Each of these informs the decision-making that some folks think is purely rational. Ask a customer why they chose your company or your product, and they’d talk about competitive pricing or the fact that your service has exactly the features they need.

Those may be factors, but they were already primed to take action and make a decision in your favor. In other words, creative marketing works best when it can tap into our unconscious.

The natural next question: what do we measure to help whittle, hone and refine creative content?

Emotion x facial coding

Emotion is one of the three unconscious factors that affect decision-making. And it’s arguably the most important one for spurring action. Thankfully, our faces give away how we feel all the time, even when we’re trying to remain impassive, there are micro-expressions. That’s where facial coding comes in.
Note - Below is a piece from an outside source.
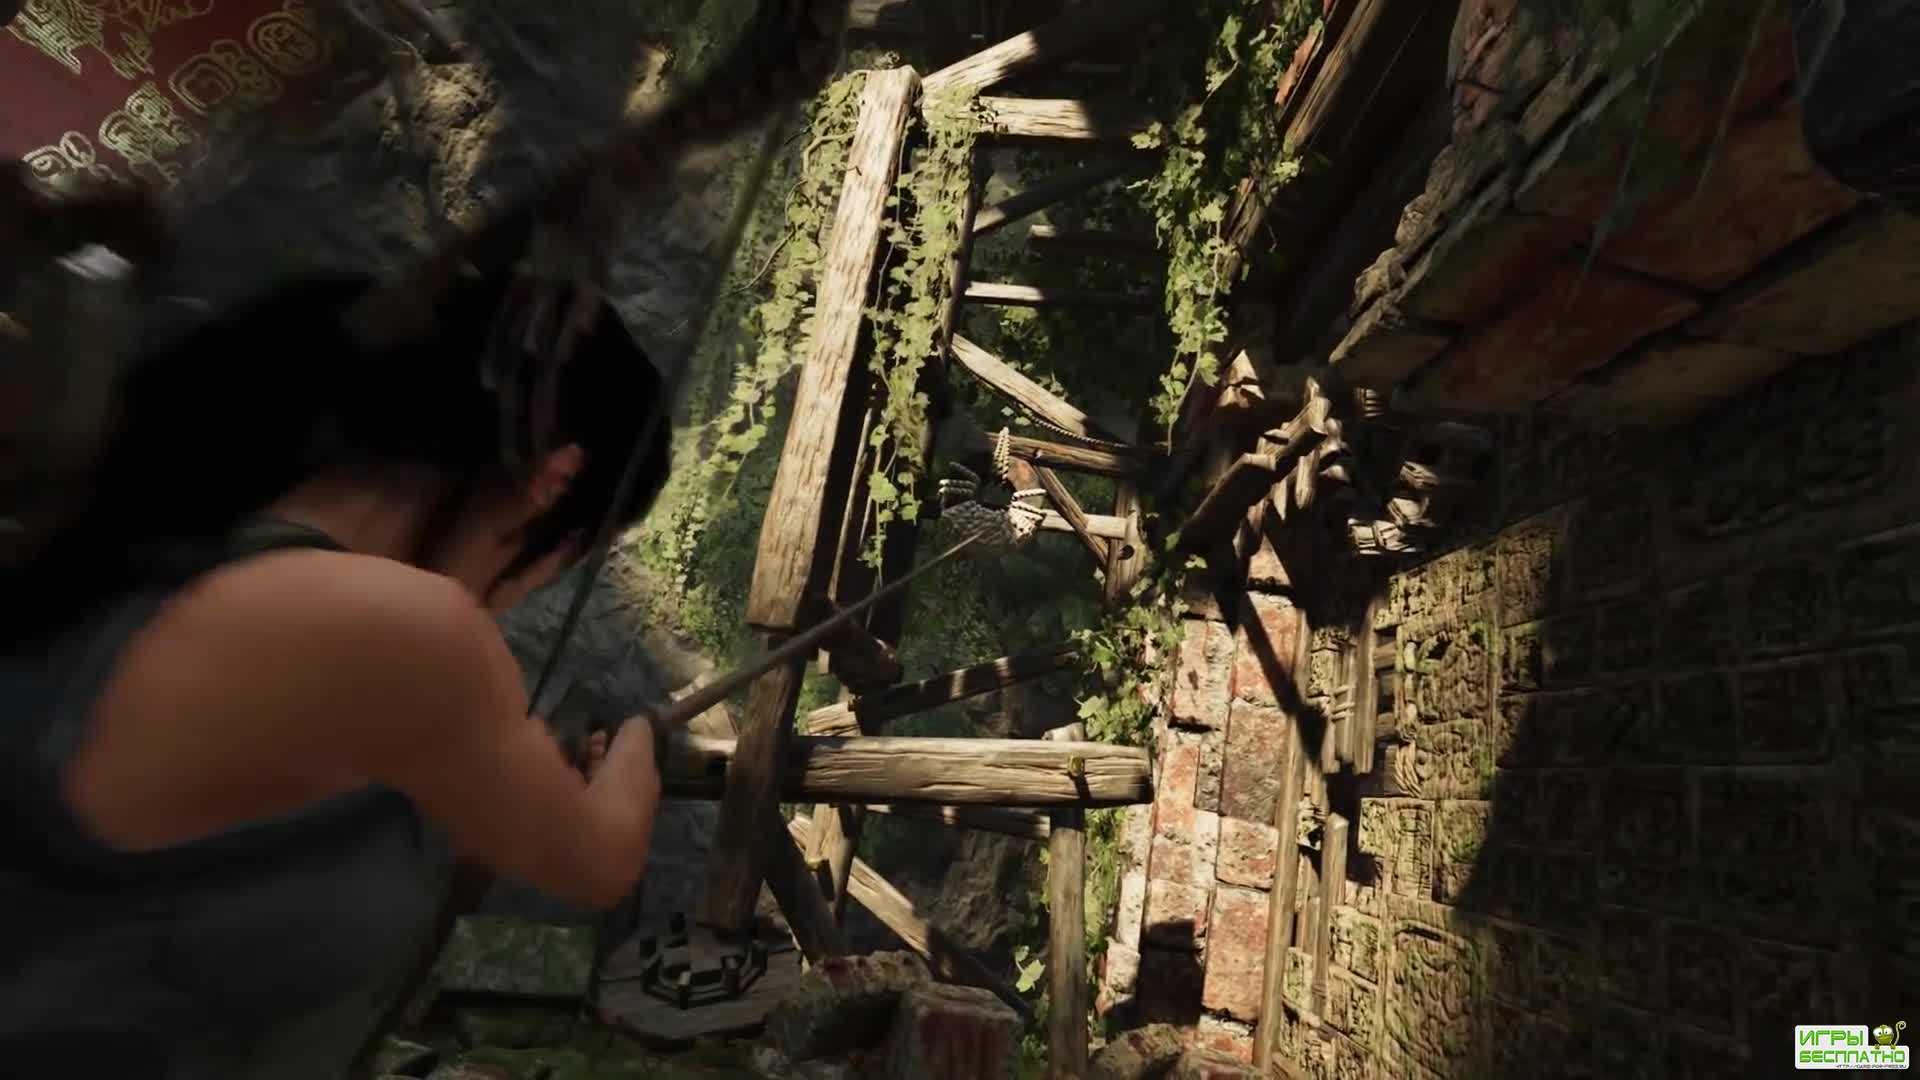 Shadow of the Tomb Raider - еще одно геймплейное видео PC-версии с трассиро ...

It’s good for assessing and fine-tuning the emotional impact of content as this emotional pattern reveals the potential effectiveness of the idea. And, we can pinpoint the moments when audiences feel certain emotions.

Emotional conviction x reaction time testing

As the mind processes incoming information, it builds and adds to webs of related memories and mental associations of meanings and feelings, signs, sounds, etc. So, everything we’ve experienced about a brand is sort of connected. And this impacts how we view, feel, think about, and relate to new information and content from that brand.

Reaction time testing gives us insight into the strength of these connections and associative networks that allow both recognition and memorization – two of our three unconscious, decision-influencing factors. We can assess if messages reach an audience – and how powerfully. It’s good for testing the believability, clarity and relevance of creative concepts. And reaction times can reveal the level of conviction that people have behind what they say in a survey.

Navigating to better conversion

In a world of bottom lines, neuroscientific techniques can give tangible insights – helping brand and marketing teams talk about business risks and get results.

If your senior management isn’t usually comfortable with marketing, neuro and behavioral science could give you the ammunition to convince them to be more creative.